Cisco assesses and mitigates potential business disruptions through our Global Business Resiliency (GBR) Program. Under this program, all corporate business units are required to maintain and exercise alternate operation strategies. The Global Business Resiliency Program office validates that each business unit’s resiliency strategies are effective and meet the global policy requirements established by the program office. For critical business operations, we conduct audits of business continuity plans and moderate annual exercises to ensure their plan efficiently mitigates realistic disruptions.

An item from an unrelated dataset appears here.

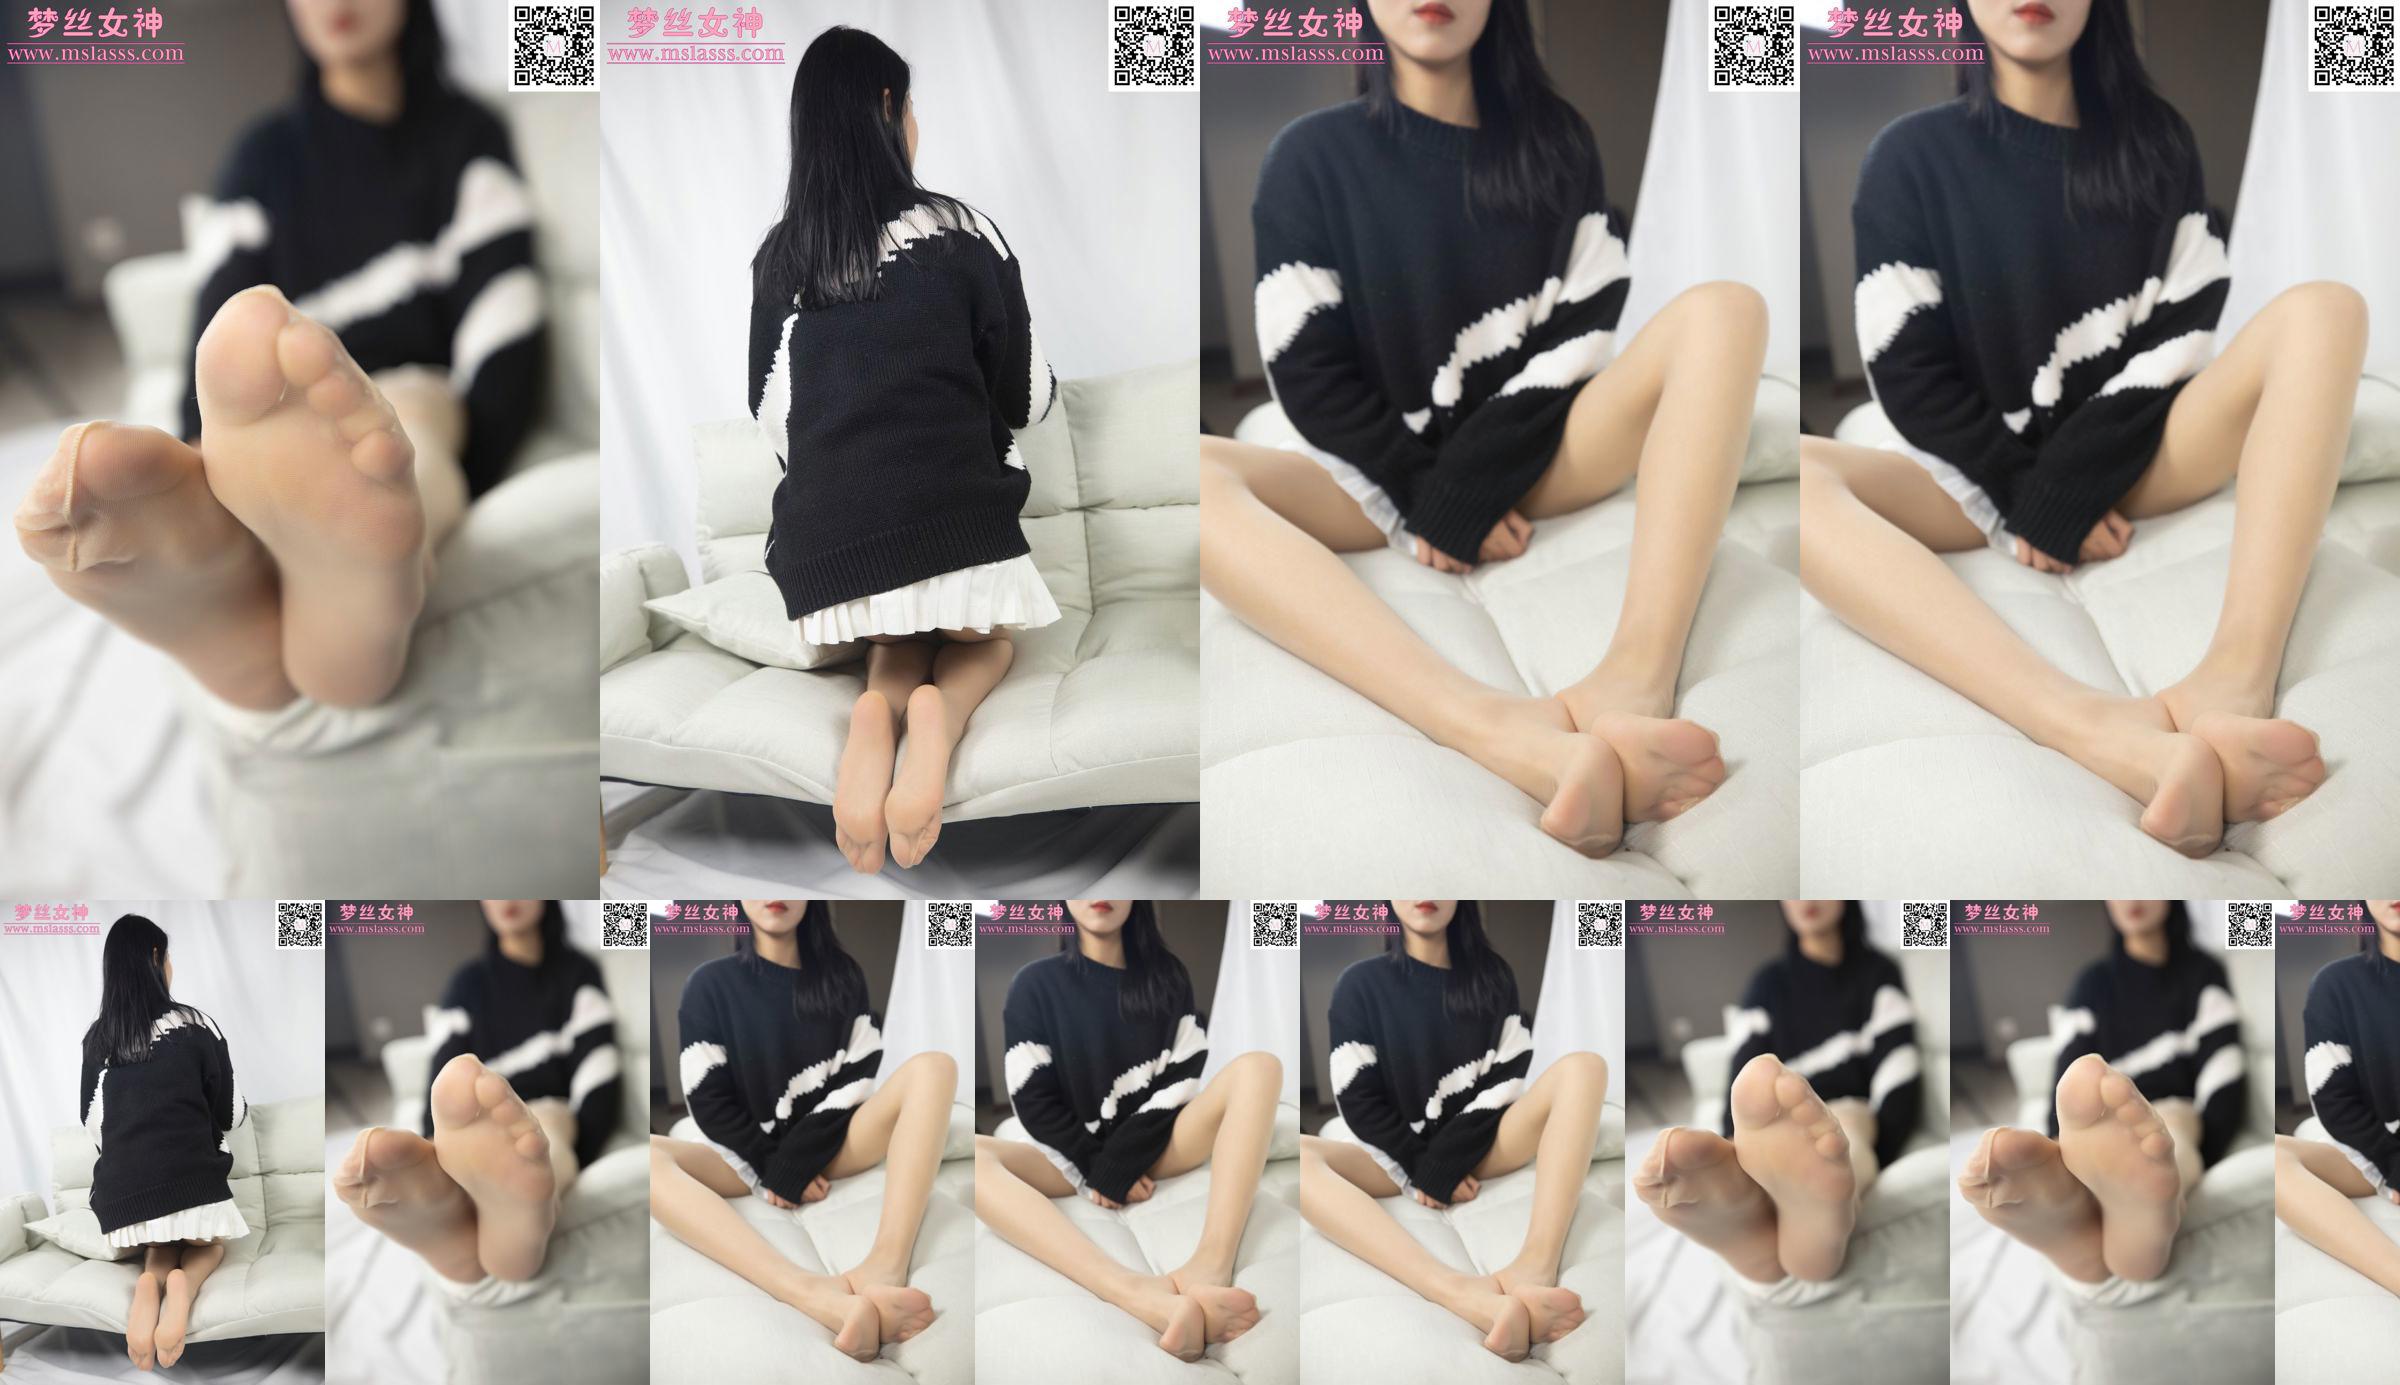 [Goddess of Dreams MSLASS] Xiaomi's trui kan haar lange benen niet stoppen No.022712 Pagina 3

Q: Describe Cisco's overall business resiliency strategy
A: The business resiliency program is committed to providing a readiness state for the company that protects Cisco's top priorities:
The Business Continuity Management policy calls for reviews, updates, and testing of Business Continuity Plans at scheduled intervals. Cisco's Business Continuity Management strategy includes prioritizing key processes and functions utilizing Business Impact Analyses for processes and Service Impact Analyses for applications supporting business processes. Each of the critical processes and applications has resiliency plans to restore their functionality.
Q: What type of scenarios or business interruptions does Cisco plan for as part of its business resiliency program?
A: As part of our best practices approach, Cisco does not plan for specific scenarios. However, the company reviews and prioritizes the recovery of the critical processes, systems, and vendors that may be impacted during any disruptive event via an all hazards approach. With this approach, we capture the relevant elements to work effectively within any scenario.
Q: Does Cisco have a dedicated team of professionals focused on business continuity and disaster recovery?
A: Yes, Cisco has a dedicated Global Risk Management department within the finance organization. One of this department's responsibilities is governance of the cross-functional teams to ensure adherence to business continuity plans and testing. Another department, Safety, Security, and Business Resiliency, is responsible for Cisco's incident management program, and helps ensure the proper programs and operations are in place to support Cisco's Business Continuity Management strategy and execution. Both Global Risk Management and Safety, Security and Business Resiliency partner with various business functions to address the immediate crisis and ensure the continuation of Cisco's business.
Q: In the event of a disaster or significant disruption, does Cisco have documented business continuity plans?
A: Yes, Cisco maintains a set of business continuity plans to help us prepare and react appropriately if faced with external events outside of our control that could disrupt our business. In the event of a disruption, Cisco has a multitiered incident management program that is designed to assess and deal with potential disruptions globally. The program guides decision points for the activation and execution of recovery plans for processes and functions.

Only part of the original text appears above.